A computer vision API provides programmatic access to visual analysis capabilities -- object detection, image classification, face detection, OCR, and visual similarity search. Mixpeek goes beyond single-image analysis by providing a complete computer vision infrastructure that extracts features, indexes them into searchable namespaces, and enables composable retriever pipelines for querying visual content at scale.
How does object detection work in Mixpeek?
Mixpeek runs object detection models (YOLO, DETR, Faster R-CNN) as feature extractors on Ray GPU clusters. When images or video frames are ingested through a collection, the object detection extractor identifies objects with bounding boxes and confidence scores. These detections are stored as structured metadata on documents in your Qdrant namespace, making them filterable and searchable through retriever pipelines.
Can I use my own computer vision models with Mixpeek?
Yes. Mixpeek supports custom models via its Docker-based plugin system.

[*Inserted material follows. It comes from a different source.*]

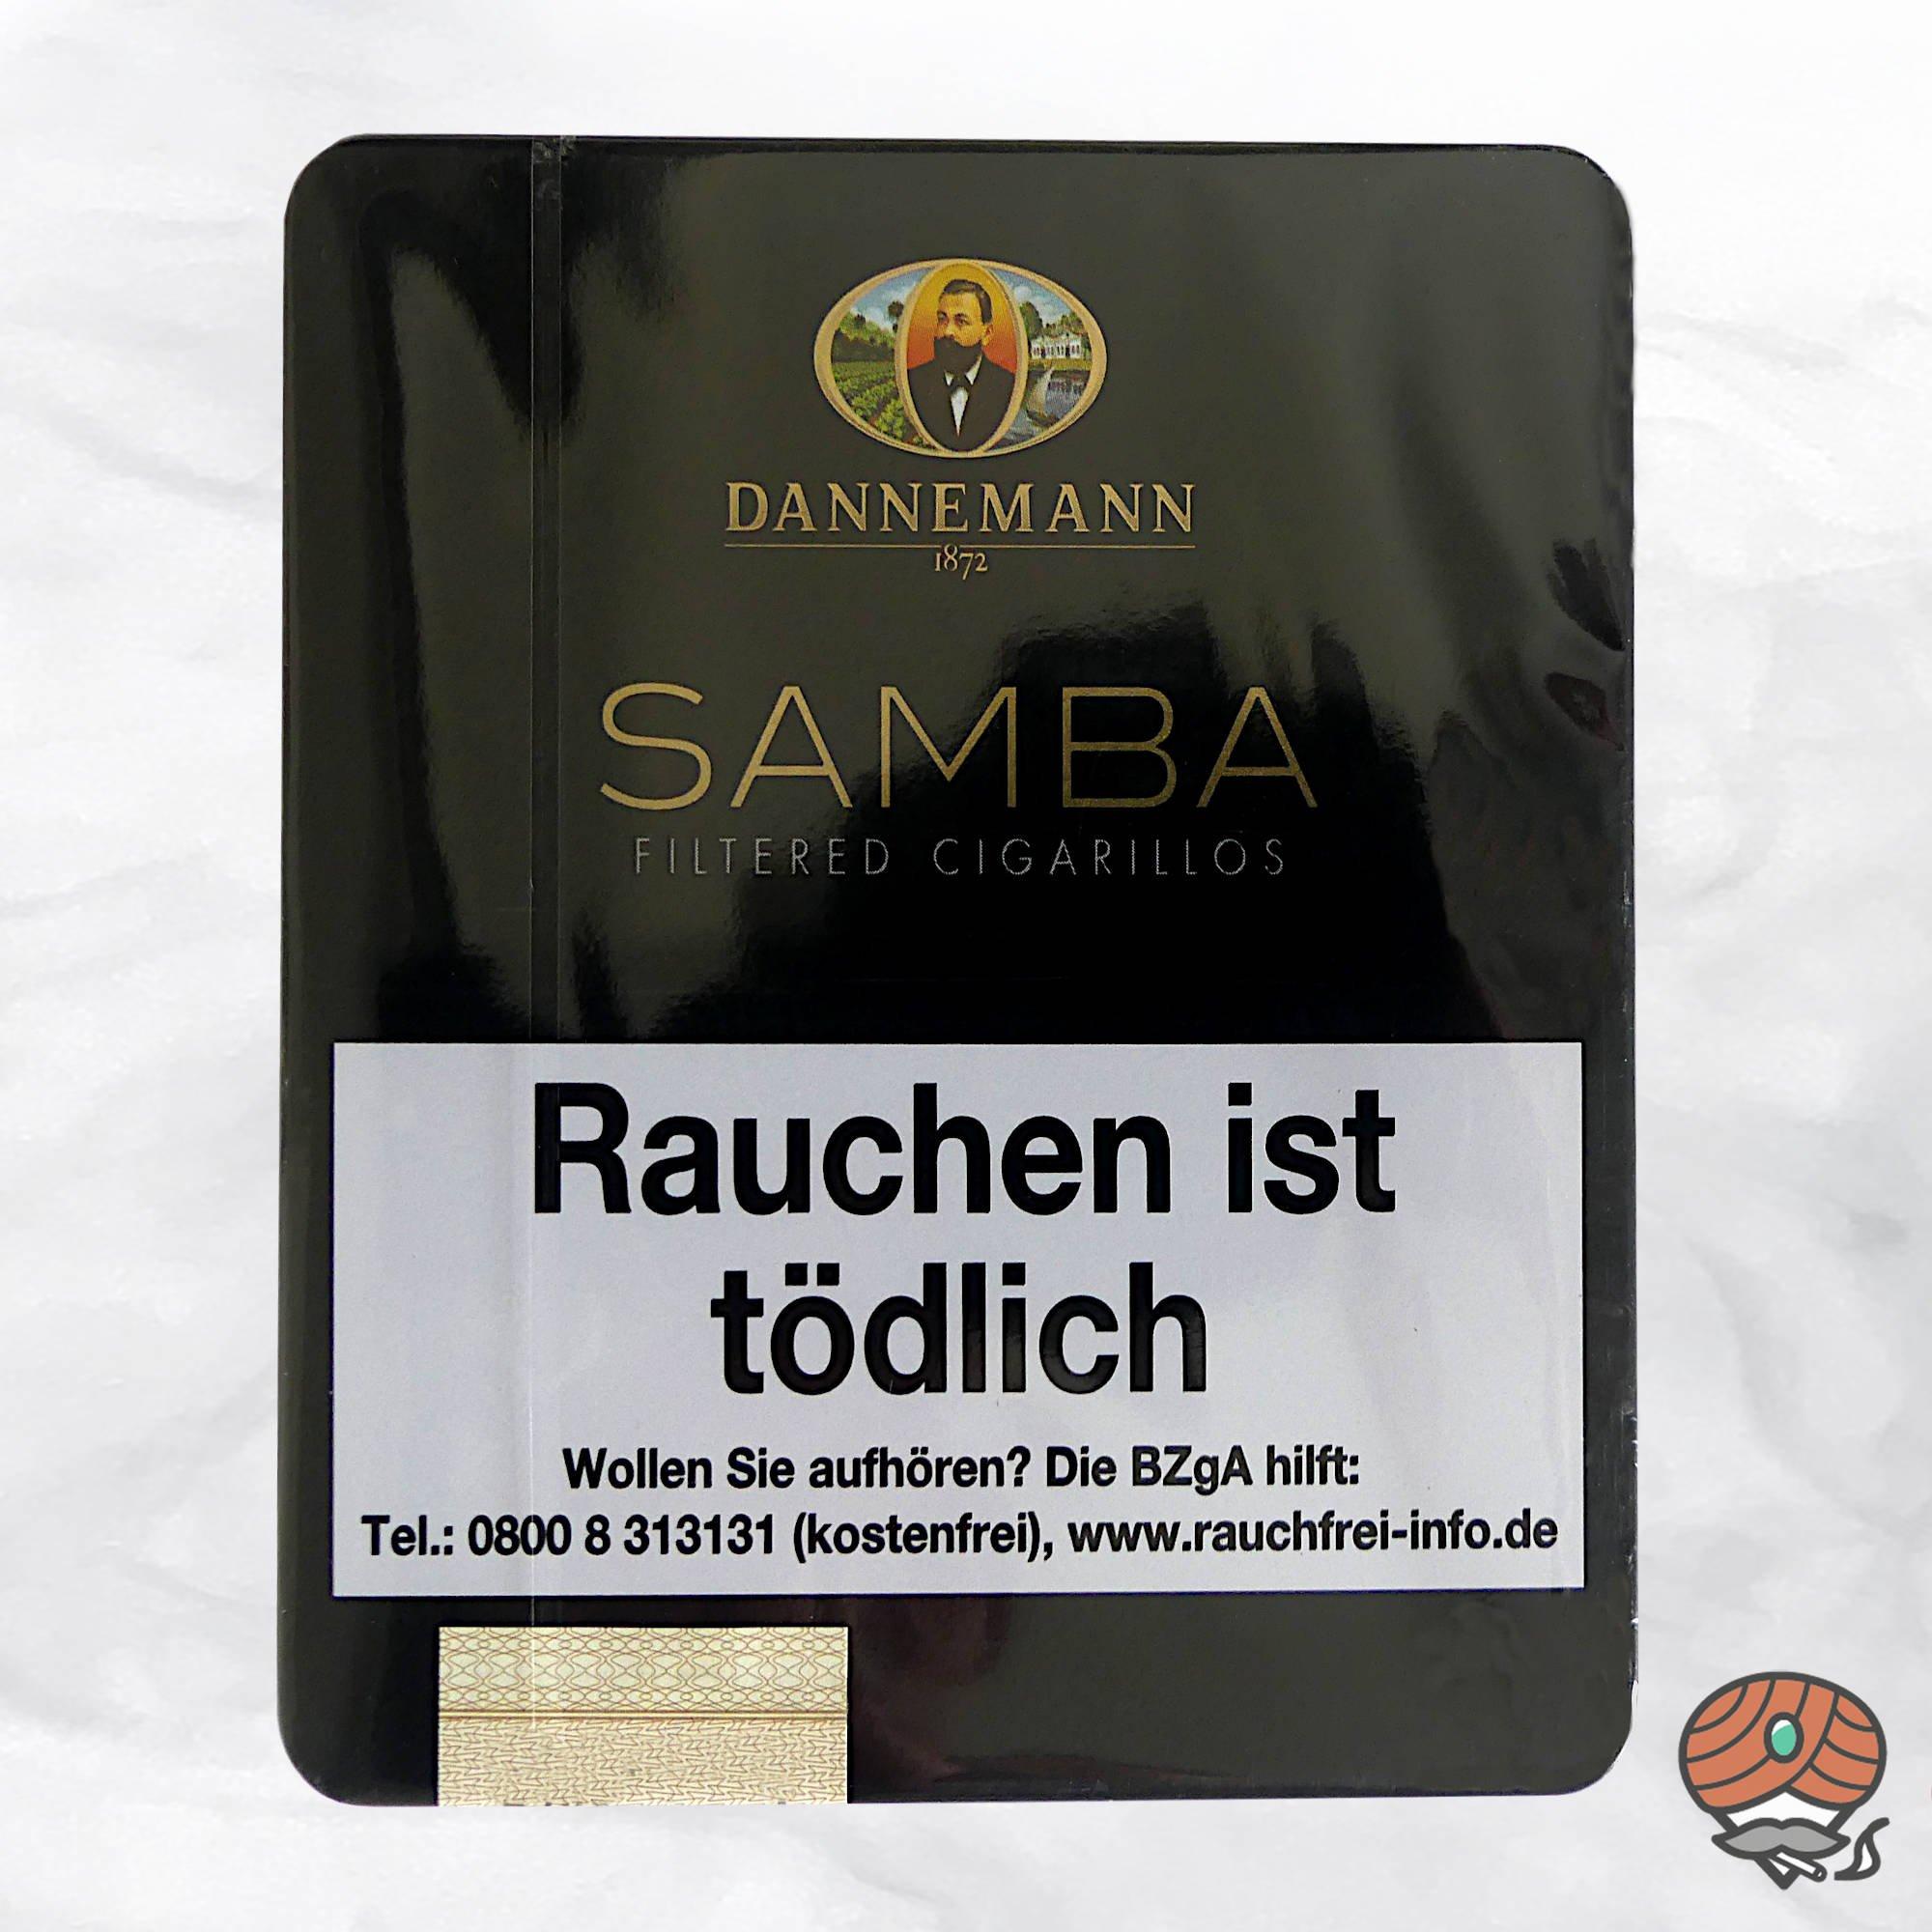 Dannemann Samba Filter Zigarillos 10 Stück

Package your model in a container, register it as a custom feature extractor, and deploy it on Mixpeek's Ray GPU clusters. Your custom model runs alongside built-in extractors in the same collection pipeline, with the same auto-scaling and monitoring infrastructure.
How does visual similarity search work?
Mixpeek generates dense visual embeddings from images using models like CLIP, SigLIP, or DINOv2. These embeddings are indexed in Qdrant namespaces. When you search, you can query with text (cross-modal search) or with another image (image-to-image similarity). The retriever pipeline calculates vector similarity and returns the most visually similar results, optionally combined with metadata filtering and reranking.
What image formats does Mixpeek support?
Mixpeek supports JPEG, PNG, TIFF, WebP, BMP, GIF, and SVG image formats. For video, it supports MP4, MOV, AVI, MKV, and WebM, extracting frames for visual analysis. Images are uploaded to Mixpeek buckets and processed by feature extractors automatically. The platform handles format conversion, resizing, and normalization during ingestion.
How is Mixpeek different from Google Vision API or AWS Rekognition?
Google Vision and AWS Rekognition are single-image analysis APIs -- you send an image and get labels or detections back. Mixpeek is a search infrastructure platform: it processes images through feature extraction pipelines, indexes results into vector namespaces, and provides composable retriever pipelines for querying. You also get multimodal support, so visual features can be searched alongside text, audio, and video content.
Does Mixpeek support real-time computer vision?
Mixpeek supports both real-time and batch processing. Collection triggers automatically process new images as they arrive in your bucket, enabling near-real-time feature extraction. For batch use cases, Mixpeek's Ray clusters scale horizontally to process millions of images in parallel. Retriever queries execute in sub-100ms for production search applications.
Can I combine computer vision with text and audio search?
Yes. This is a core strength of Mixpeek. All modalities -- images, video, audio, text, and documents -- are indexed into the same namespace. A single retriever pipeline can search across visual features, text content, and audio simultaneously. For example, you can search for video content matching a text description and filter by detected objects and transcribed speech in one query.